The Good Dinosaur is a very resilient film. Not only in the aspects of its titular character’s ambitions, but in its production. It went through countless issues with its creators in its early stages, as it had many script revisions and issues with the director. So many issues that a complete change in directors was made. It looked like it was doomed for a while. Should it have stayed that way?
Maybe. The Good Dinosaur is a disappointment. It’s not the complete brain-melting train-wreck the likes of 2011’s Cars 2 was, but it’s more easily comparable in quality to 2012’s Brave.
Like every other Pixar film, The Good Dinosaur is host to absolutely stunning visuals. The animation of this film is so richly detailed, and unnervingly life-like. It’s a creative marvel, with all the bright and bold greens of titular dinosaur, Arno, clashing with the deep and mysterious blue’s of the night skies. Another notable piece of this movie’s animation is the absolutely astonishing water physics.

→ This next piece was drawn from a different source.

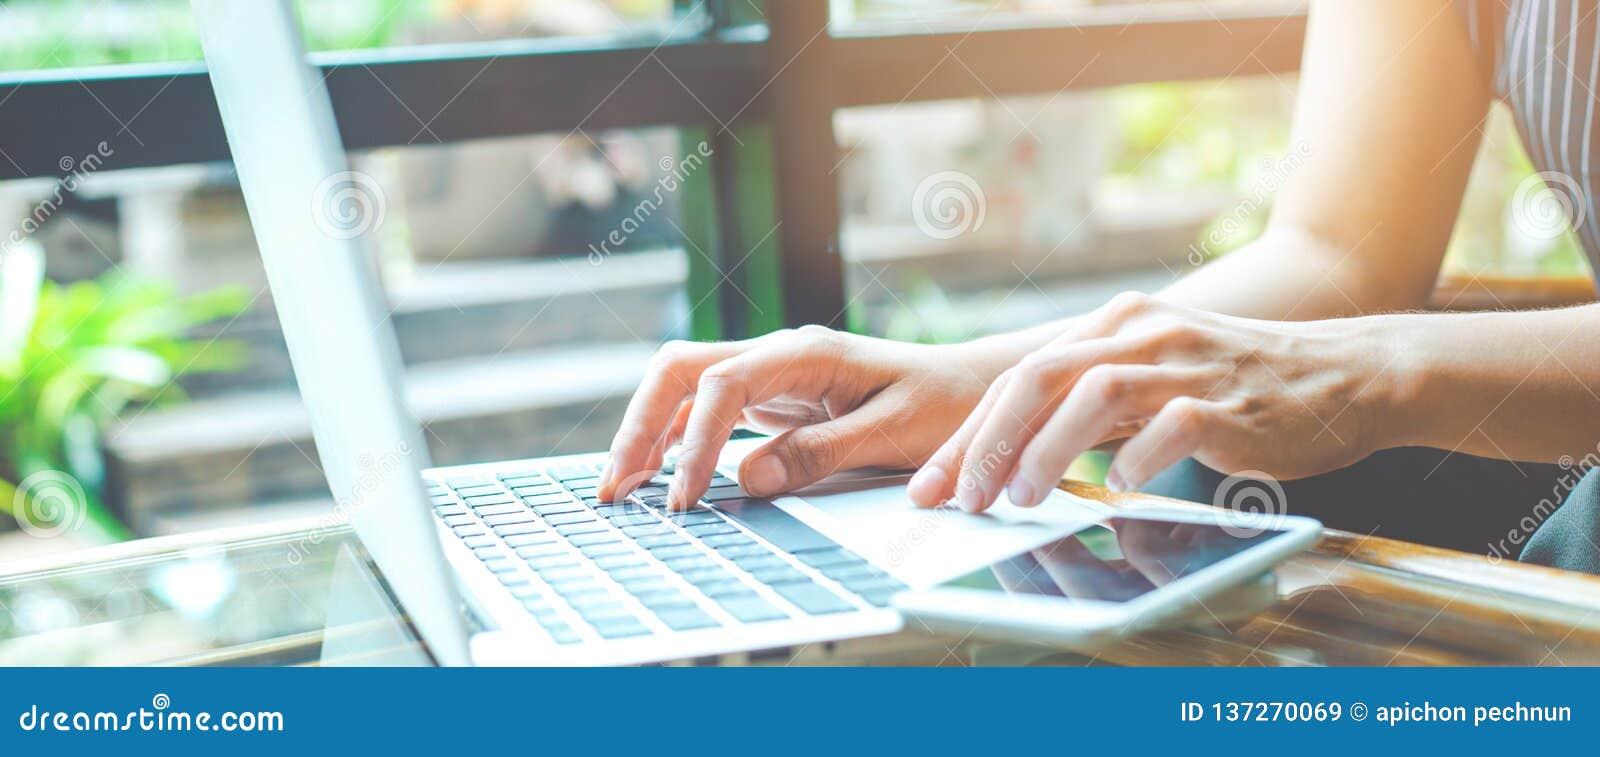 Biznesowa kobieta pracuje z laptopem i używa telefon komórkowego w biurze

But water physics do not always translate to a good film. I believe that Good Dinosaur‘s major troubles lie amongst the narrative. It’s a story that’s so simple, and so bare-bones, that it’s not fit for a feature. This movie should’ve been a short film. The story line is basically a mix of Finding Nemo and The Lion King, with a little hint of Wall-E, but it never reaches the great heights of the Disney efforts it steals from. It doesn’t tackle the father-child relationship like The Lion King does and it doesn’t have the enjoyable side characters or the sense of incredible adventure that Finding Nemo has. Also, it doesn’t match the beauty of simple, silent moments in Wall-E‘s first act. In the end, the movie is just very unremarkable, specifically in the department of characters and their development.
What are expected to be new timelessly remembered characters, we get the green dinosaur, Arno, and adorable little cave-man-dog, Spot. Arno and Spot are clearly just there to project the theme of the movie and are never fully developed as a character to an extent farther than “We miss our family :(”
The vocal performances of these characters aren’t very good. Now, that’s not to say that they are bad, but simply that they are pretty unremarkable. One positive aspect of this film, other than is exquisite animation is the humor is that there are many brilliant laugh-out-loud moments in this movie, one of which surprisingly included a sequence of the two protagonists tripping on what can be inferred to as drugs. Other strangely brilliant moments of humor are sporadically placed in the film.
Overall, while The Good Dinosaur is visually stunning, and has some great moments, it suffers from a very weak narative that should’ve been a simple short-film, the heavy-handed delivery of its over-worn themes, and a lack of interesting or memorable characters. It’s just a very forgettable film and there’s sadly just not a lot to like here. Even if you’re a huge fan of Pixar, I’d say skipping The Good Dinosaur wouldn’t be a bad idea.